Figure 10: Ferrari crash timeline. A higher resolution version of this figure is available at https://china-chats.net/categories/67#timeline.
a 2012–03–18 Media reports Ling Gu, son of CPCs Ling Jihua, killed in car crash b 2012–03–19 Reports that searches for “Ferrari” (“法拉利”) blocked on Sina Weibo c 2012–03–2 Global times deletes article on Ferrari crash d 2012–03–21 24 keywords added to TOM–Skype list e 2012–03–29 Versions of three “quoted” keywords swapped for unquoted
7.4. Church of Almighty God arrests
On 19 December 2012, Chinese state media reported on the arrest of 500 individuals associated with the religious group Church of Almighty God, on allegations they had spread rumors that the world would end on 21 December in accordance with the last day of the Mayan calendar (Jacobs, 2012).
Reports from China Digital Times on 10 December 2012 indicate that official instructions were issued to media outlets to guard against the creation and spread of rumors relating to the 21 December prediction, and requesting media to “discontinue reporting on recent public conversion assemblies and other illegal activities orchestrated by the Almighty God cult” (China Digital Times, 2012e). On 19 December, the day media reports of the arrests emerged, four keywords were added to the TOM–Skype 5.5–6.1 Surveillance–only list which related to the religious group, followed the next day by the addition of four more keywords. The keywords included “red dragon gospel” (“大红龙福音”), which refers to the group’s term for the CPC, and “God in Henan” (“真神在河南”), referring to the province where the group was founded. These 19 and 20 December keyword additions were the last instance of TOM–Skype list updates we observed, and as of 31 January 2013, remain on the list. Other keywords relating to religious organizations or practices are also present on both lists, most notably 99 keywords relating to Falun Gong. See Figure 11.
Figure 11: Church of Almighty God arrests timeline. A higher resolution version of this figure is available at https://china-chats.net/categories/126#timeline.

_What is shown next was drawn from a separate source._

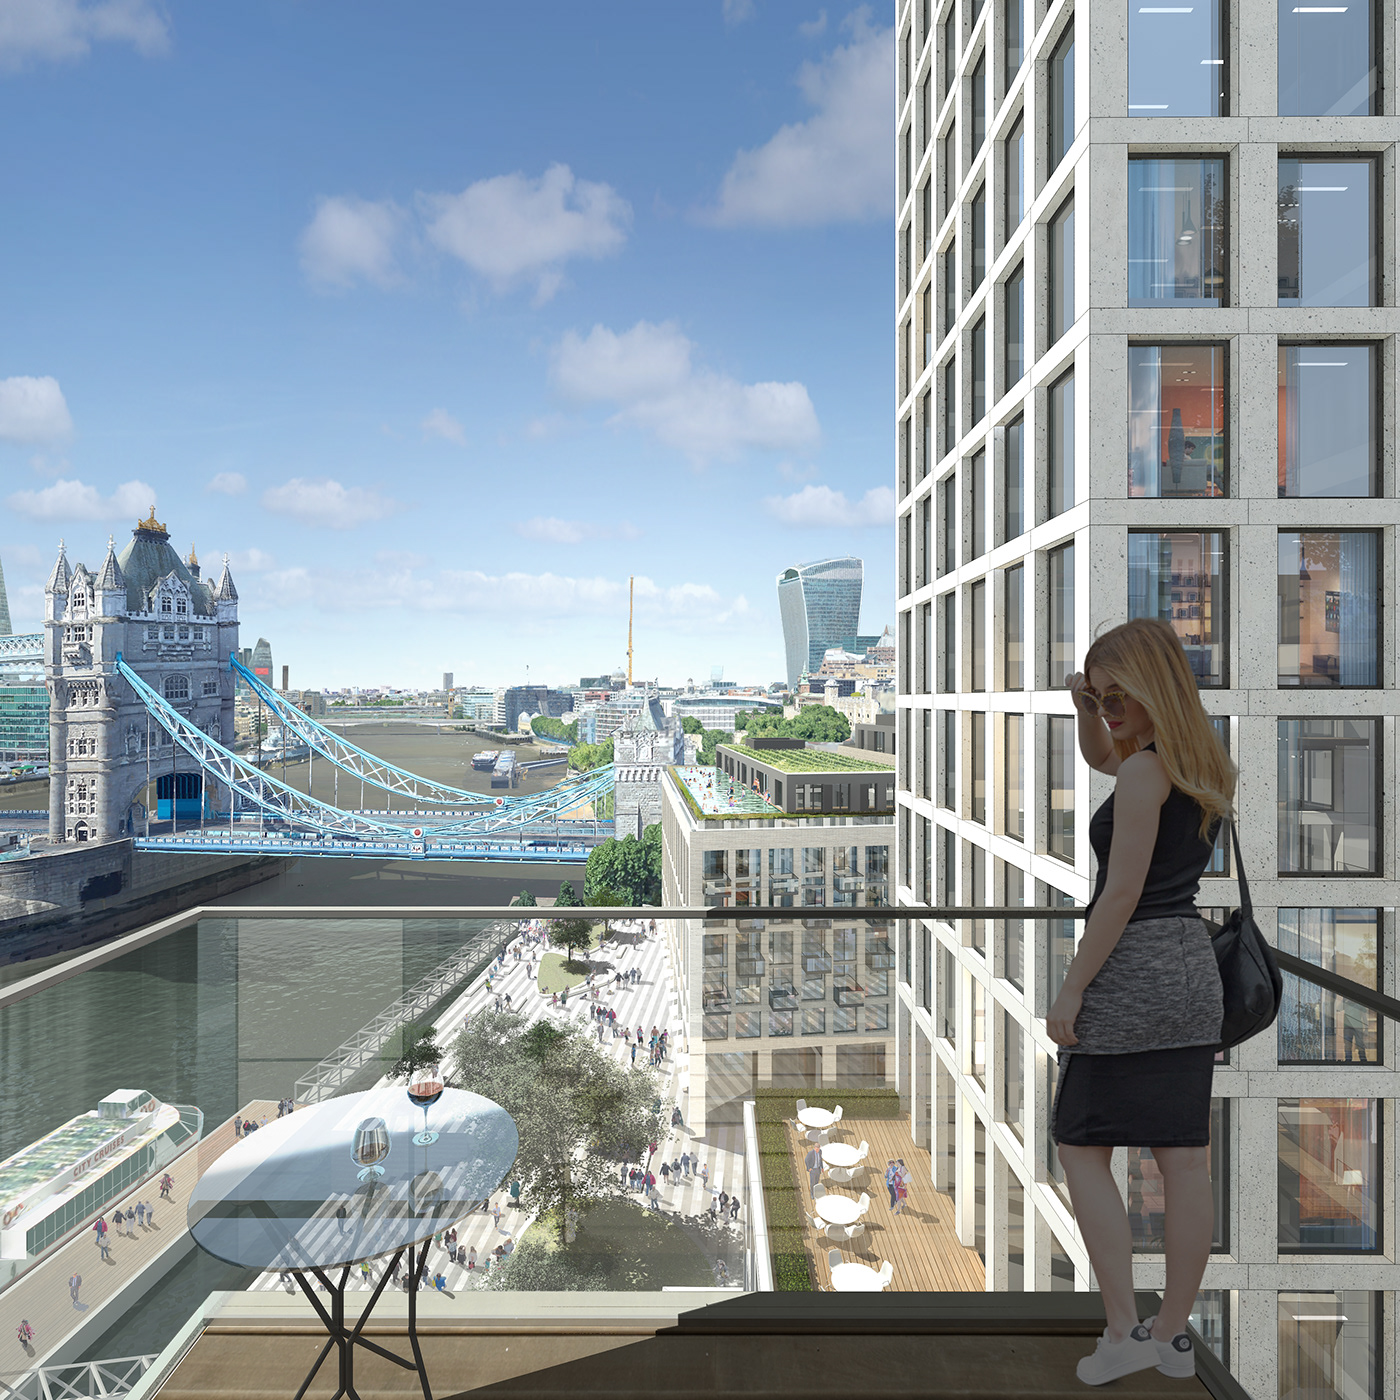 London Tower Bridge Hotel project redevelopment study concept design Contemporary architecture imagination Historical Context

a 2012–12–19 Media reports that Church of Almigthy God followers arrested b 2012–12–20 Four keywords added to TOM–Skype
7.5. Wenzhou train crash
On 23 July 2011, two high–speed trains travelling near the city of Wenzhou collided, killing 40 people. The government response to the accident was met with widespread criticism, including allegations that sections of the damaged trains were ordered to be buried as a means of hiding evidence (Osnos, 2012). Zhang Dejiang, vice premier in charge of transportation (and later Bo Xilai’s replacement as party chief of Chongqing) received criticism for his handling of the rescue operations.
Zhang Dejiang’s name (张德江) was a consistent presence on many of the TOM–Skype lists that predated the train crash and subsequent controversy. There were no additions of new keywords following the Wenzhou train crash until 21 March 2012, eight months after the incident. A number of terms, all linking Zhang and the train crash, were added eight days after Zhang replaced Bo Xilai as party chief in Chongqing. It is notable that the additions on 21 March included nine terms referring to Zhang’s role in the Wenzhou train crash, including “Vice Premier Zhang — train” (“张副总动鋪”) and “Dejiang buried train crash” (“德江动车埋”).
It is unclear why it took eight months for these terms to be added to the TOM–Skype lists. It is possible that the controversy achieved additional political salience after Zhang’s promotion to Chongqing party chief. A number of other terms relating to Zhang were also added on 21 March 2012, including “Dejiang SARS” (“德江SARS”), referring to Zhang’s position as party secretary of Guangdong province where the SARS crisis broke out in 2003, and “Dejiang Nanducase” (“德江南都案”), referring to a prior controversy involving Zhang and a corruption case at a Chinese newspaper. Thus, we see that upon being promoted, a number of terms relating to Zhang were added that reference prior controversies. However, the train crash itself was a highly sensitive event, coverage of which government officials tried to limit. Reports leaked online days after the crash indicate that government authorities issued instructions to print and online media to limit publication of stories about the incident (China Digital Times, 2011). See Figure 12.
Figure 12: Wenzhou train crash timeline. A higher resolution version of this figure is available at https://china-chats.net/categories/33#timeline.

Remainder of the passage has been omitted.